Former Paytm executives’ new startup Indiagold, a gold-centric lending startup, is working on a product that will allow its customers to earn interest on their gold locker balance, said three people aware of the details.
Customers will get a percentage return on the gold value every year while they store the gold with Indiagold, said one of the sources requesting anonymity. Entrackr has also confirmed this independently from a partner of Indiagold who is working with them.
“This product will let you earn 5-6% on the value of your gold kept in Indiagold’s locker, instead of charging you for locker,” said the person quoted above, about this yet-to-be-launched product.
This is the first such move by any gold-based lending platform in India. At present, new-age startups such as Rupeek and traditional players including Muthoot Finance and Manappuram Finance don’t offer interest on gold deposits.
“Indiagold would also seek regulatory advice from government agencies to avoid any friction,” said the second person who also wished not to be named.

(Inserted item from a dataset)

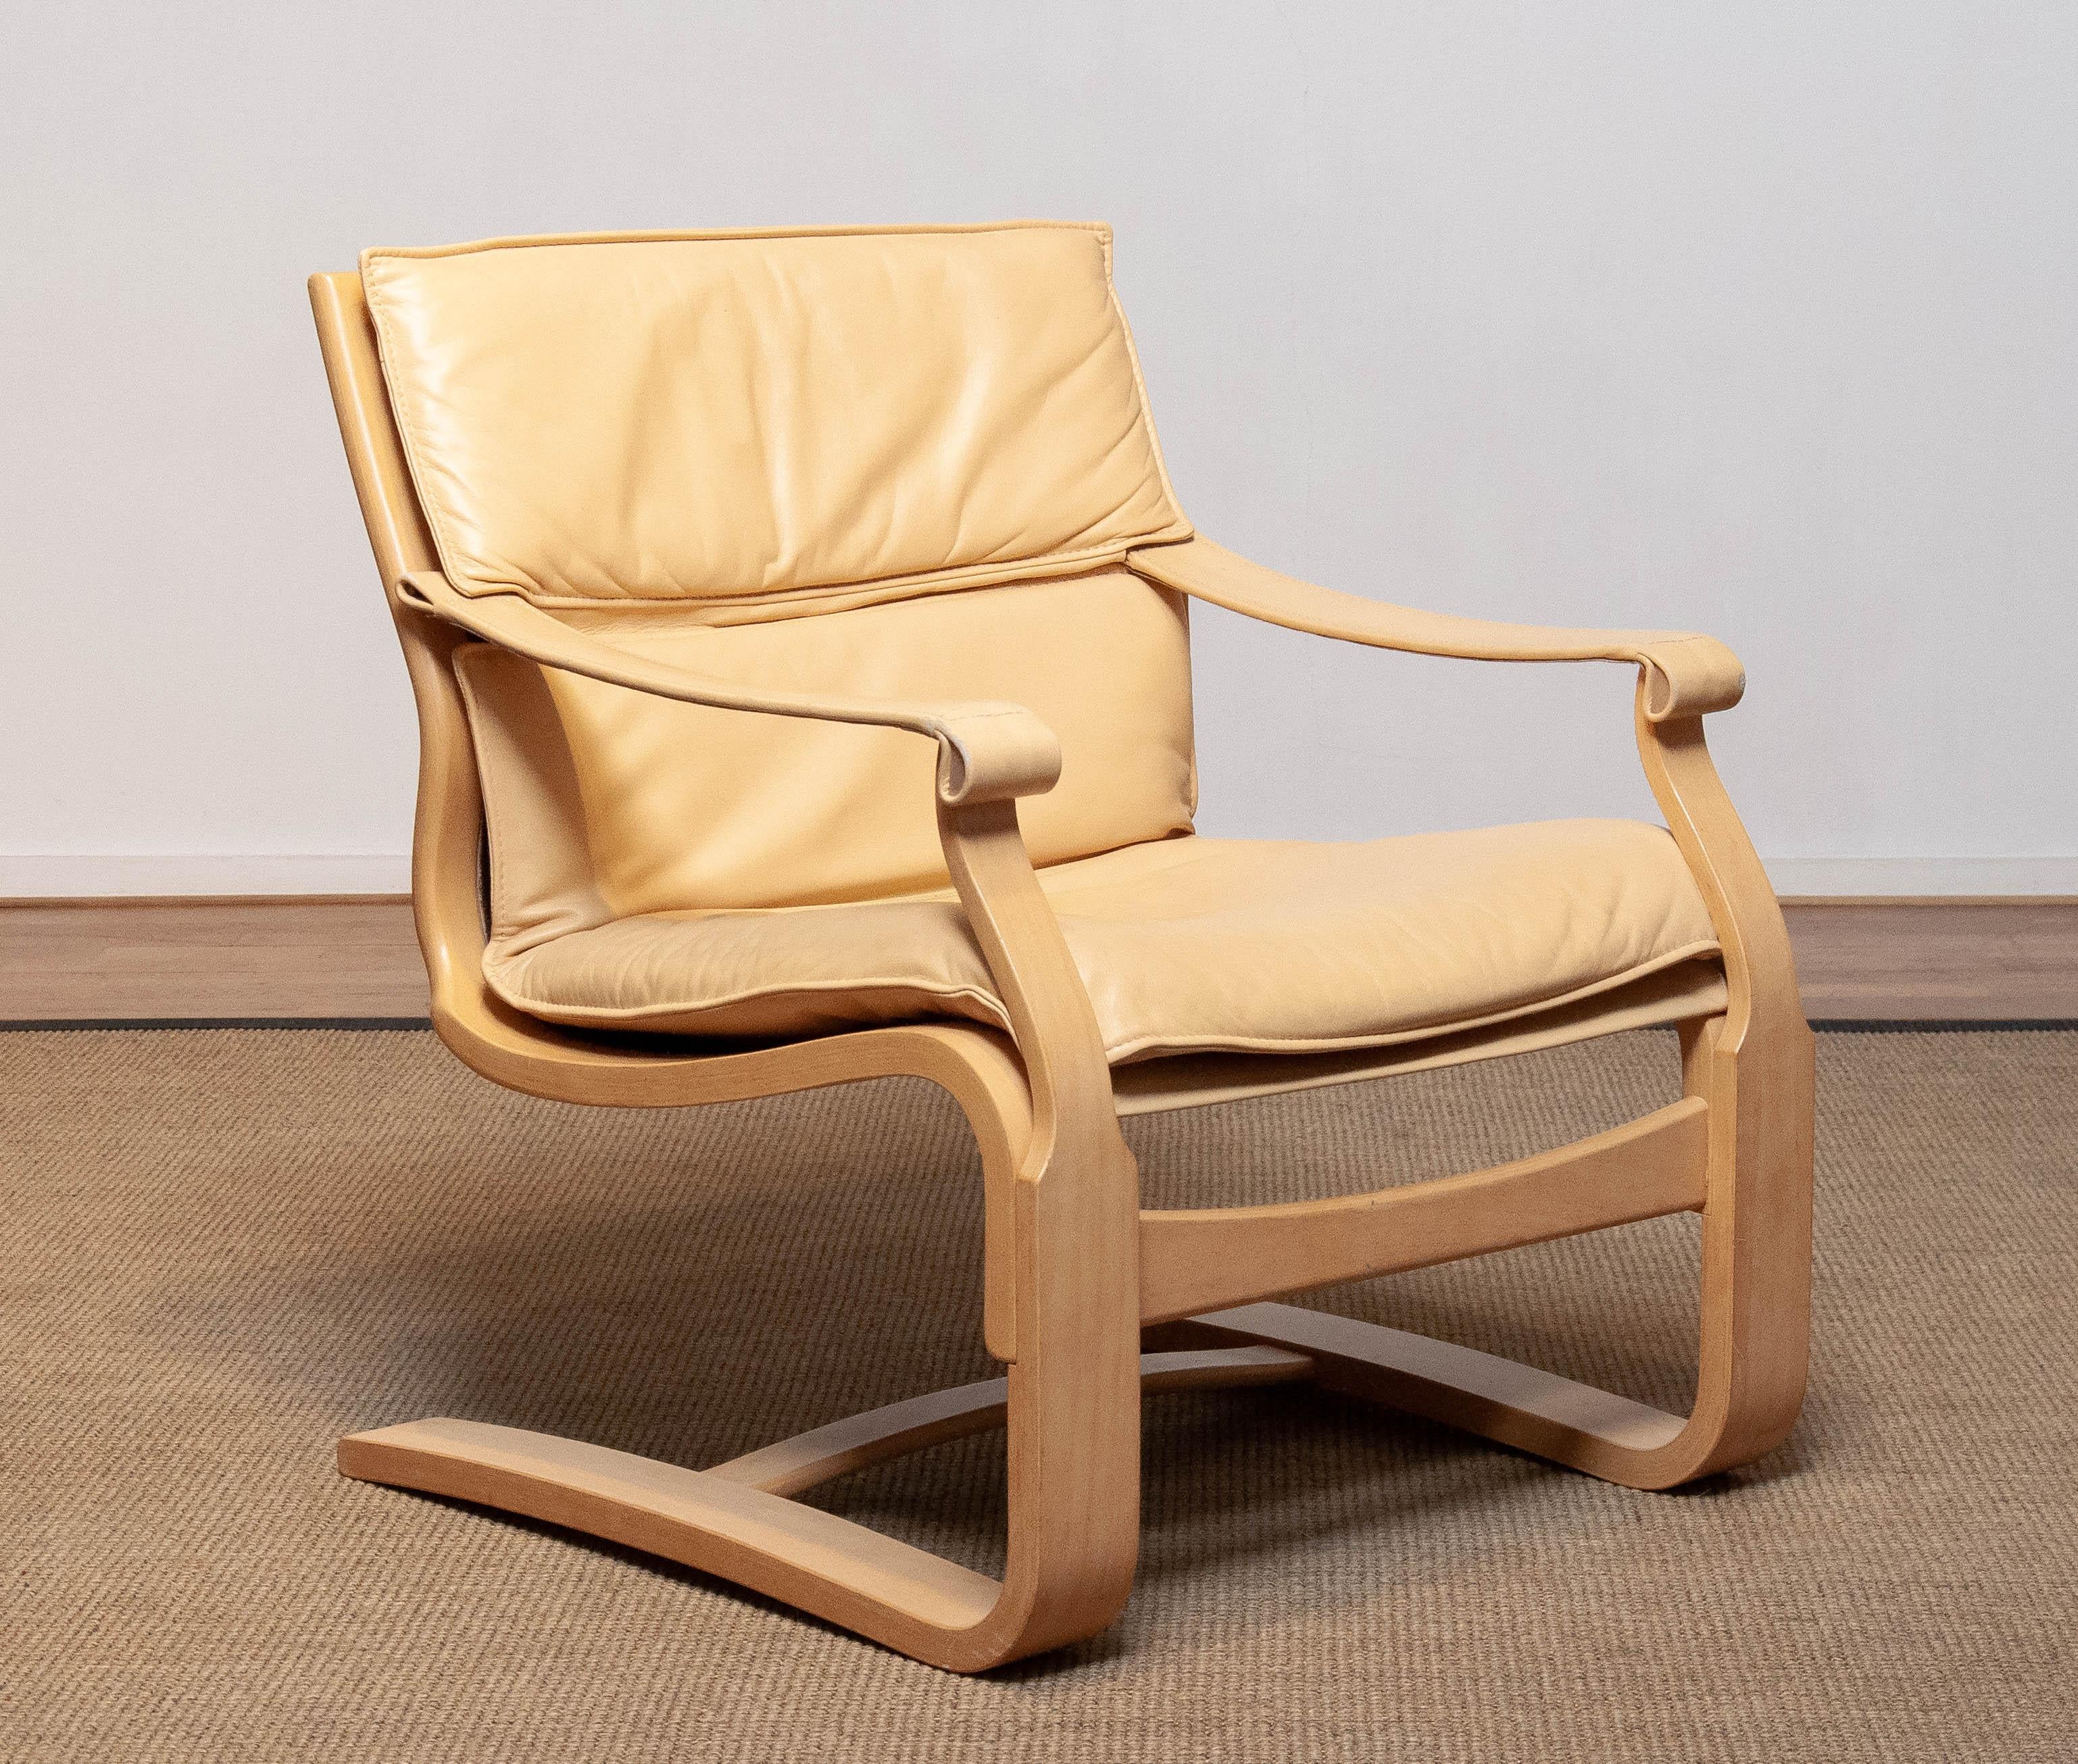 Scandinavian Modern beech bentwood lounge chair designed by Ake Fribytter and manufactured by Nelo in the 1970's upholstered with beige / creme leather and in allover good and very comfortable condition.
Please note that we have two chairs in our

The new product is likely to trigger adoption for the early-stage company that was launched late last year.
Indiagold provides gold loans and secure gold locker services across Delhi (NCR) and has plans to expand across north India. It also lets you buy gold coins through its app and website. According to its website, it has over half a million users from the NCR region.
Entrackr queries sent to founders Nitin Misra and Deepak Abbot late Friday didn’t elicit any response. We will update the story in case they respond.
While sources emphasise that Indiagold is in late-stage talks with several venture capital firms to snap up a Series A round, it had already mopped up Rs 14 crore in a seed round led by Leo Capital. According to regulatory filings, Leo Capital invested Rs 8 crore for an 11% stake.
Blume Founders Fund, Sequoia Scout and seven angels including Kunal Shah, Amrish Rau, Kunal Bahl, Ashneer Grover, Miten Sampat and Ramakant Sharma and Sandeep Tandon have collectively put in Rs 6 crore for a total stake of 9%.
Post allotment of the seed round, Abbot and Misra own 32.5% each in Indiagold. Fintrackr estimates show that the company was valued at Rs 70 crore. Importantly, the company has 15% stake in its employee stock option or ESOPs.
Apart from Rupeek, which is Indiagold’s direct competitor, the company competes with established players like Muthoot and Manappuram. Currently, Muthoot and Manappuram dominate over 70% of the gold loans in the country.
Largest public sector bank State Bank of India (SBI) also runs revamped gold deposit scheme or GDS which gives you 0.5% interest per year on gold deposits.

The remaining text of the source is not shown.